An FDA advisory panel voted in favor of emergency authorization for Merck's COVID-19 pill; South African drug maker Aspen Pharmacare announced that it was finalizing the first agreement to control production of the Johnson & Johnson COVID-19 vaccine in Africa; the International AIDS Society launched its latest strategy to find a cure for HIV.
A panel of experts advising the FDA voted 13 to 10 in favor of emergency use authorization of Merck and Ridgeback Biotherapeutics’ COVID-19 antiviral pill, NPR reported. If the FDA authorizes use of the pill, molnupiravir, it would be the first at-home oral antiviral treatment for COVID-19. Although the panel had reservations about prescribing the pill for pregnant people, it ultimately decided that it should be that patient’s decision. The FDA is not obligated to follow the panel’s recommendations but typically does. The agency is also considering authorization for a similar pill from Pfizer, called Paxlovid.

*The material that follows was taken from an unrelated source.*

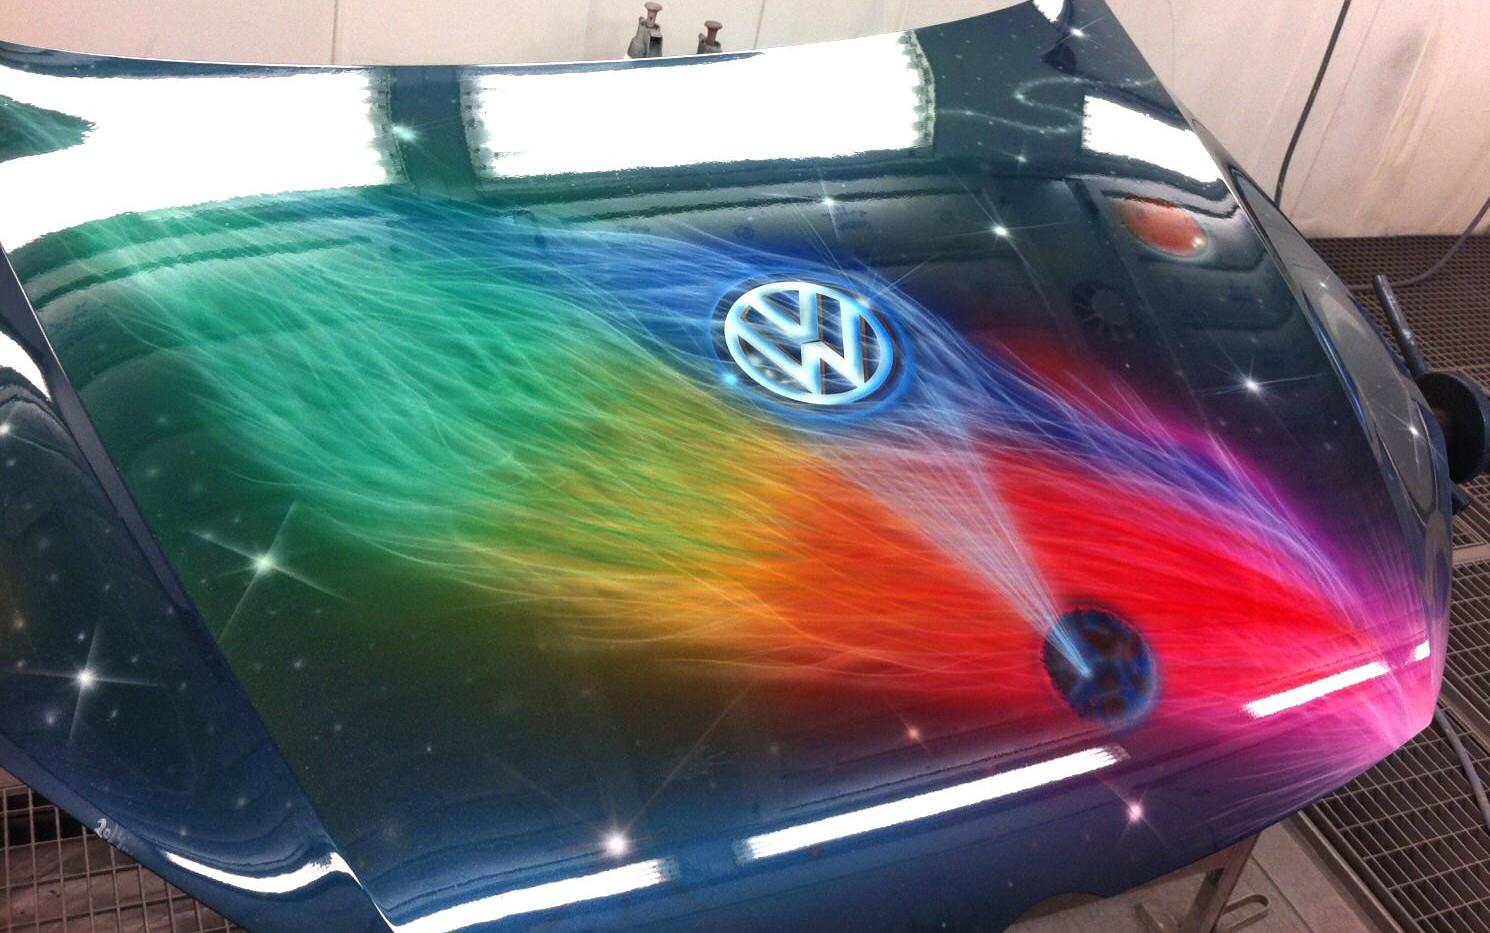 Airbrush auf einer Motorhaube

South African drug maker Aspen Pharmacare announced that it was finalizing the first agreement to control production of a COVID-19 vaccine in Africa, as reported by The New York Times. This deal with Johnson & Johnson (J&J) would allow Aspen to package and market the J&J vaccine across the continent under the brand name Aspenovax, as well as determine who can purchase the vaccine and at what price and quantity. Aspen currently bottles the vaccine but has no say in where it is shipped to. The deal does not give Aspen rights to produce the vaccine—instead, J&J will direct other facilities to make the ingredients, which will be sent to Aspen to blend into vaccine doses.
The International AIDS Society (IAS) has launched its latest strategy to find a cure for HIV, as stated in a press release. The third edition of the IAS strategy comes soon after an Argentinean woman was cured of HIV through natural immunity, providing new hope for an HIV cure. Adeeba Kamarulzaman, president of the IAS and director of the Centre of Excellence for Research in AIDS at the University of Malaya in Malaysia, claimed a cure for HIV is achievable, especially based on new scientific findings over the past 5 years. The IAS listed research goals for the next 5 years to find the cure, including understanding and measuring HIV reservoirs, targeting the provirus and immune system, and researching cell and gene therapy. The release also listed ways to target the HIV reservoir, including “poke and clear,” “block and lock,” and “reduce and control” methods.